Introduction: Influenza A (H1N1) virus have been a serious problem in 2009, which was considered as a pandemic and caused the death of more than 12000 people. Pneumonia is the most common complication of influenza infection and can be seen as viral pneumonia and/or bacterial coinfection. However, since November 2019, the world has been exposed to a new pneumonia agent named SARS - CoV - 2 from the Coronavirus family. In this case series, we aimed to re-evaluate the cases we followed up in the intensive care unit due to severe pandemic Influenza A infection between November 2019 and March 2020 from the Covid-19 perspective.

Cases: There were five cases diagnosed with pandemic influenza A (H1N1) pneumonia in intensive care between November 2019 and March 2020, and the average age was 50. Given the risk factors two patients had immunosuppression and two patients had diabetes. Fever, respiratory distress and cough were the most prominent symptoms, and involvement in both lungs was detected in all patients on radiological imaging. Unfortunately, all patients had died despite antiviral therapy, antibiotic treatment against secondary bacterial infection, hemodynamic and respiratory support treatments.

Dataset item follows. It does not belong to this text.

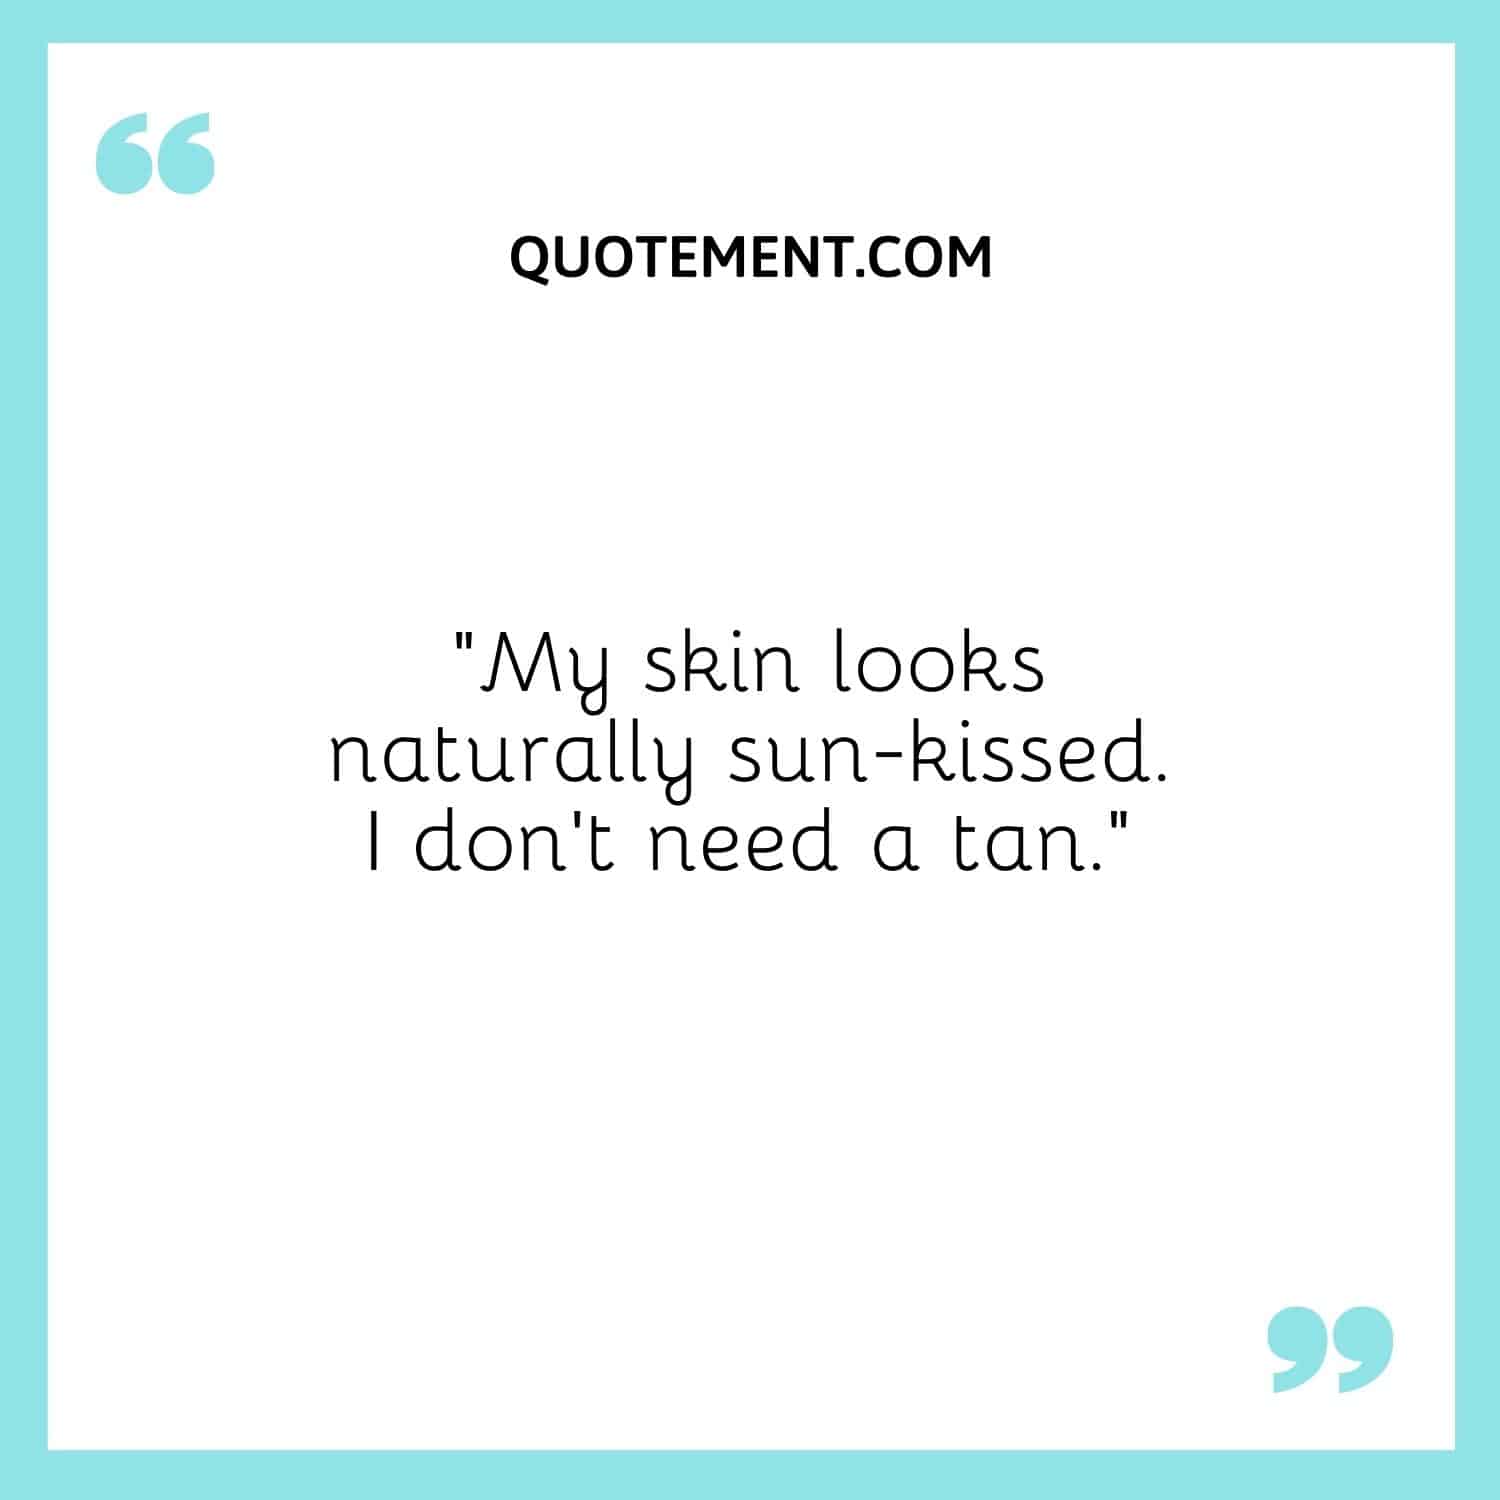 My skin looks naturally sun-kissed

Discussion: Considering the literature, covid-19 and influenza co-infections have been detected in 34 cases since November 2019. In general terms, covid-19 and influenza tables are similar, with slight differences. In this case we look back to our findings, similar cases are considered as covid-19 under current conditions.

Keywords

Covid-19; Pneumonia; Influenza A; Case series

Covid-19 articles; Pneumonia articles; Influenza A articles; Case series articles

Article Details

1. Introduction

In 2009, World Health Organization declared the influenza A (H1N1) virus a pandemic that affected 190 countries starting from Mexico and caused a serious problem, resulting in the death of more than 12000 people. The effects of the pandemic continued until 2014 [1]. Report by CDC (USA Centers for Disease Control and Prevention), stated that 25% of patients who were hospitalized during this period were followed up in the intensive care unit with pneumonia picture, with 60% requiring mechanical ventilatory support [2]. Although pregnancy, asthma, chronic obstructive pulmonary disease, obesity, immunosuppression, chronic liver and kidney diseases are the major risk factors in terms of the severity of the disease, one-third of the patients followed up in the intensive care unit have been found to have no underlying comorbidity [3].

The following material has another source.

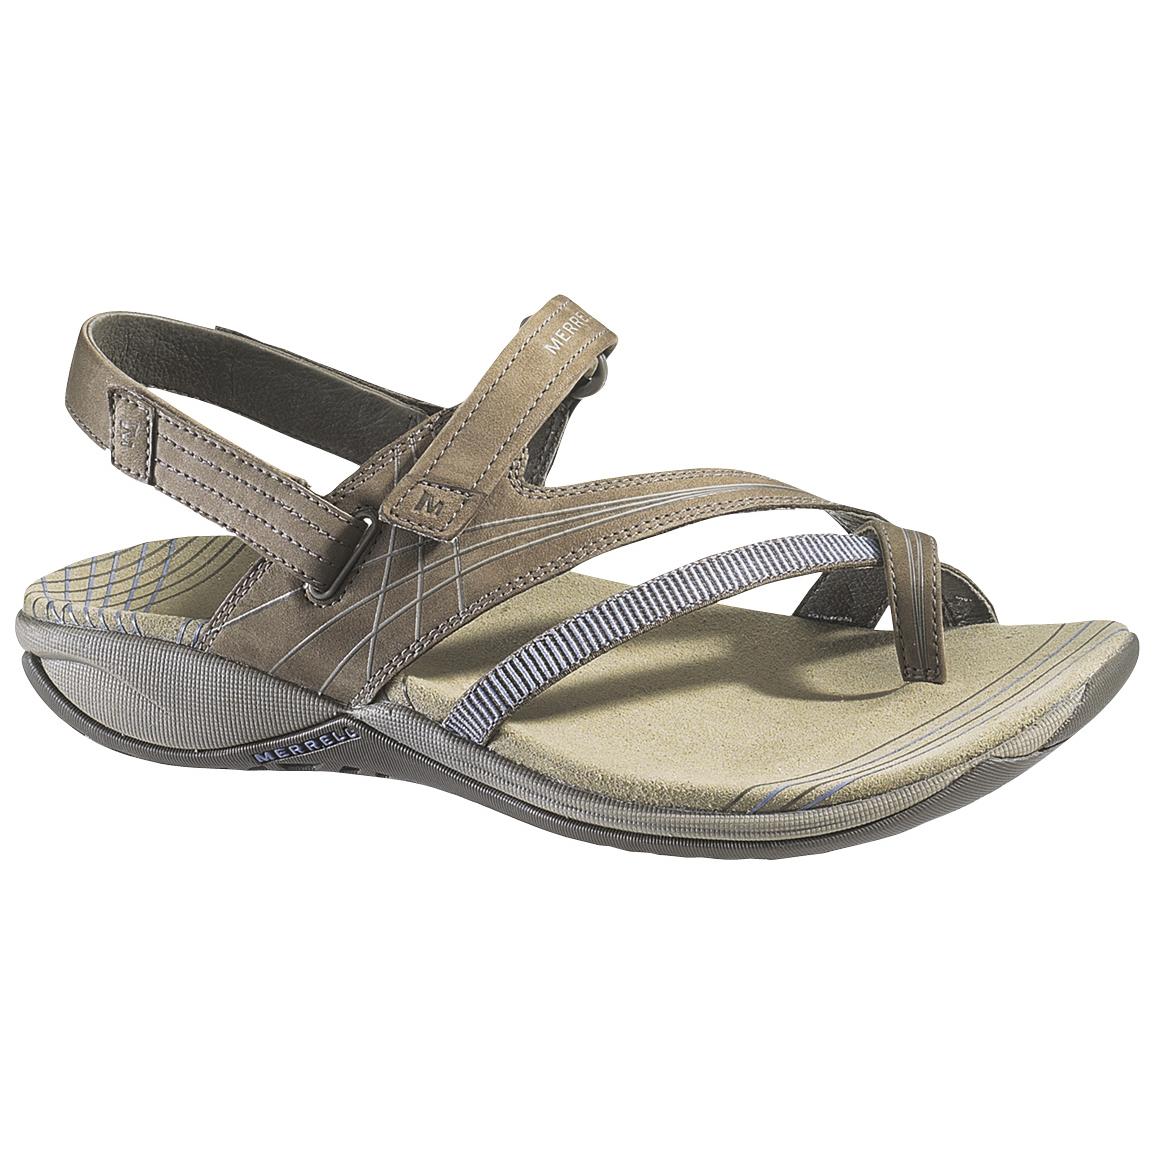 merrell sandals for women

Pneumonia is the most common complication of influenza infection, which may present with viral pneumonia and/or bacterial coinfection. Patients with influenza pneumonia requiring mechanical ventilatory support are at high risk for rapid progression to acute respiratory distress syndrome (ARDS). During the H1N1 pandemic, 50-70% of patients followed up in the intensive care unit developed ARDS [4].

In November 2019, the world faced with the COVID-19 (SARS COV-2 infection) pandemic caused by a viral pathogen named SARS-CoV-2 from the coronavirus family. It may cause a range of diseases from the simple common cold to severe conditions such as pneumonia, severe ARDS, coagulopathy, multi-organ failure, and death [5].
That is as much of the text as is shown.